To build a Conv net classifier that, that can seperate images based on their logo popularity.

I took top 0-100 logo's and 400-500 logo's as class A and class B and try then try to make a classificaiton model to predict if a logo is given where will my model fit it.

__Future Scope:__

* Logo impression ranking.
* Help users to create better attractive designs.




In [1]:
%matplotlib inline

# os libs
import glob

# plotting libs
import matplotlib.pyplot as plt
import seaborn as sns

# machine learning libs
import tensorflow as tf
import numpy as np
import pandas as pd

In [2]:
def get_image_id(full_filename):
    full_filename =  full_filename.split('/')[-1].split('.')[0]
    if '_' in full_filename:
        image_id = full_filename.split('_')[-1]
        if image_id.isdigit():
            return int(image_id)
    return np.NAN

def get_image_data(filename):
    if filename in ['data/Top 500 Logos_files/interrelated_logo_3652.gif',
                   'data/Top 500 Logos_files/veo_logo_3654.gif']:
        return
    return plt.imread(filename)


def get_image_shape(filename):
    try:
        # Reading Image
        x = get_image_data(filename)
        return x.shape
    except:
        return np.NAN
    
def get_reshaped_image_data(filename):
    # Reading Image
    x = get_image_data(filename)

    # Reshaping
    #    Let the Neural Netword do that optimisations stuff
    a, b, c = x.shape
    y = np.zeros([120, 120, 4])
    y[:a, :b, :c] = x
    return y

In [3]:
# Read local file names
files_B = glob.glob("data/Top 500 Logos 400_files/*")
files_A = glob.glob("data/Top 500 Logos_files/*")
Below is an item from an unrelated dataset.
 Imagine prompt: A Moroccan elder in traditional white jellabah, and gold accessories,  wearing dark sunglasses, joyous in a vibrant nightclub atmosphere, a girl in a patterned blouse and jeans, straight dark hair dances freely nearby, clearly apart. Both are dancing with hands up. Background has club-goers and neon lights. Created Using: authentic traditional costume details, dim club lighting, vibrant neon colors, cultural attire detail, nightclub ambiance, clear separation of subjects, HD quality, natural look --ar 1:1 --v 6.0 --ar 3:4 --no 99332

df = pd.DataFrame({'filenames':files_A + files_B})

# drop all the image we can't id
#   as only Logo's have Images ID's
df['image_rank'] = df.filenames.map(get_image_id)
df = df.dropna()
# df = df.drop('image_rank', axis=1)

#### Category of Logo's ####
df['image_class'] = df.filenames.map(lambda x: 'A' if x in files_A else 'B')
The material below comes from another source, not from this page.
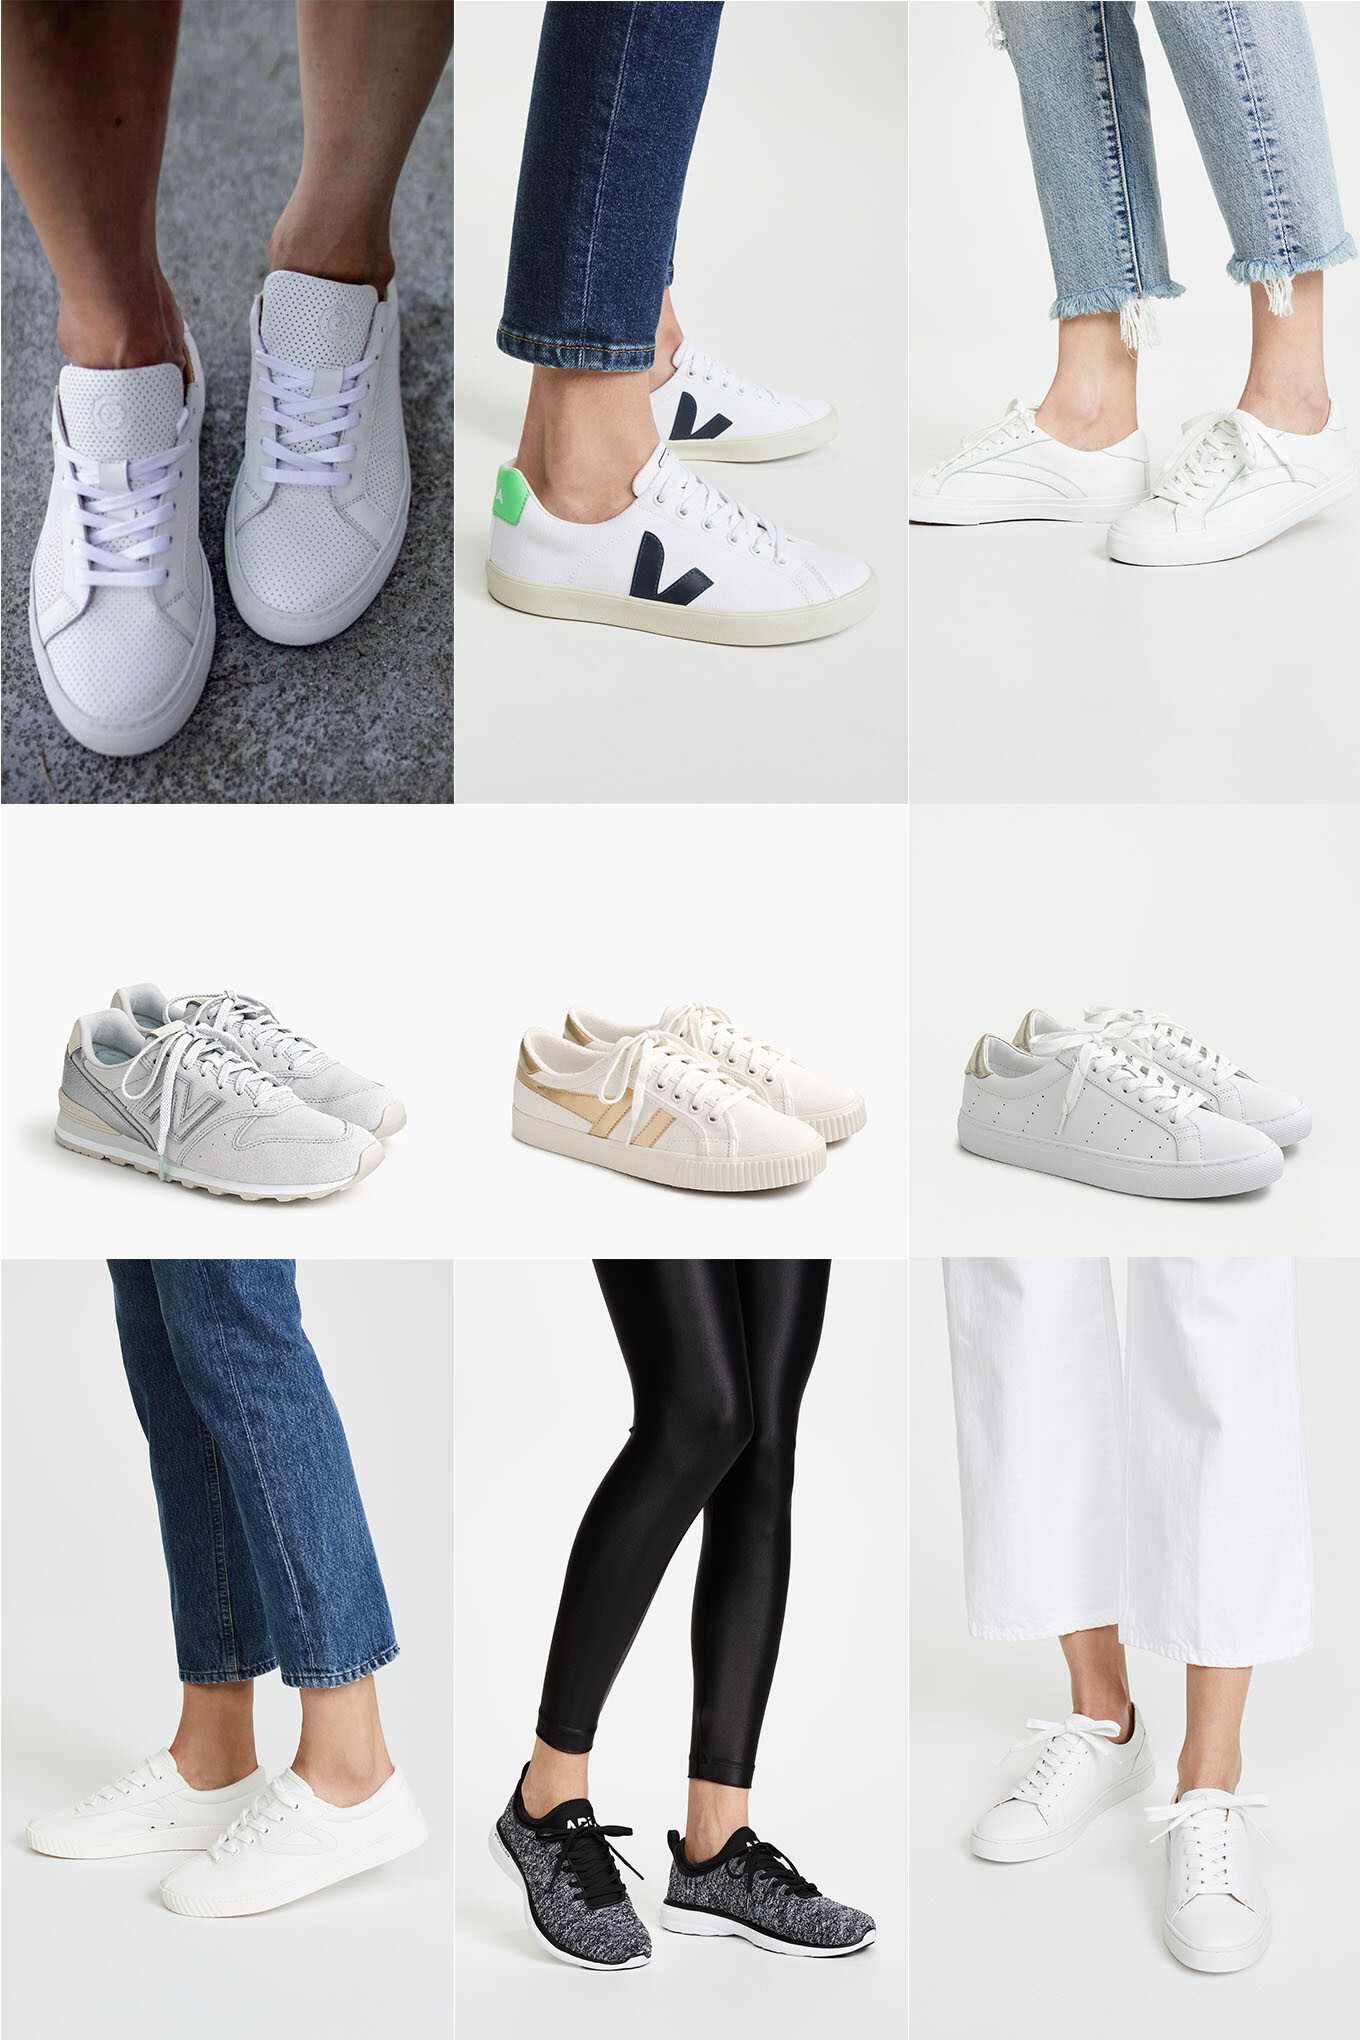 Looking for a new pair of sneakers can be overwhelming! Especially if you want them to go from casual to dress up. Check out these styles!

df['image_shape'] = df.filenames.map(get_image_shape)
# dropping all images we couldn't read
df= df[~df.image_shape.isnull()]
df = df.reset_index(drop=True)

# df['image_shape_0'] = df['image_shape'].map(lambda x: min(x[:2]))
# df['image_shape_1'] = df['image_shape'].map(lambda x: max(x[:2]))
df['image_shape_2'] = df['image_shape'].map(lambda x: x[2])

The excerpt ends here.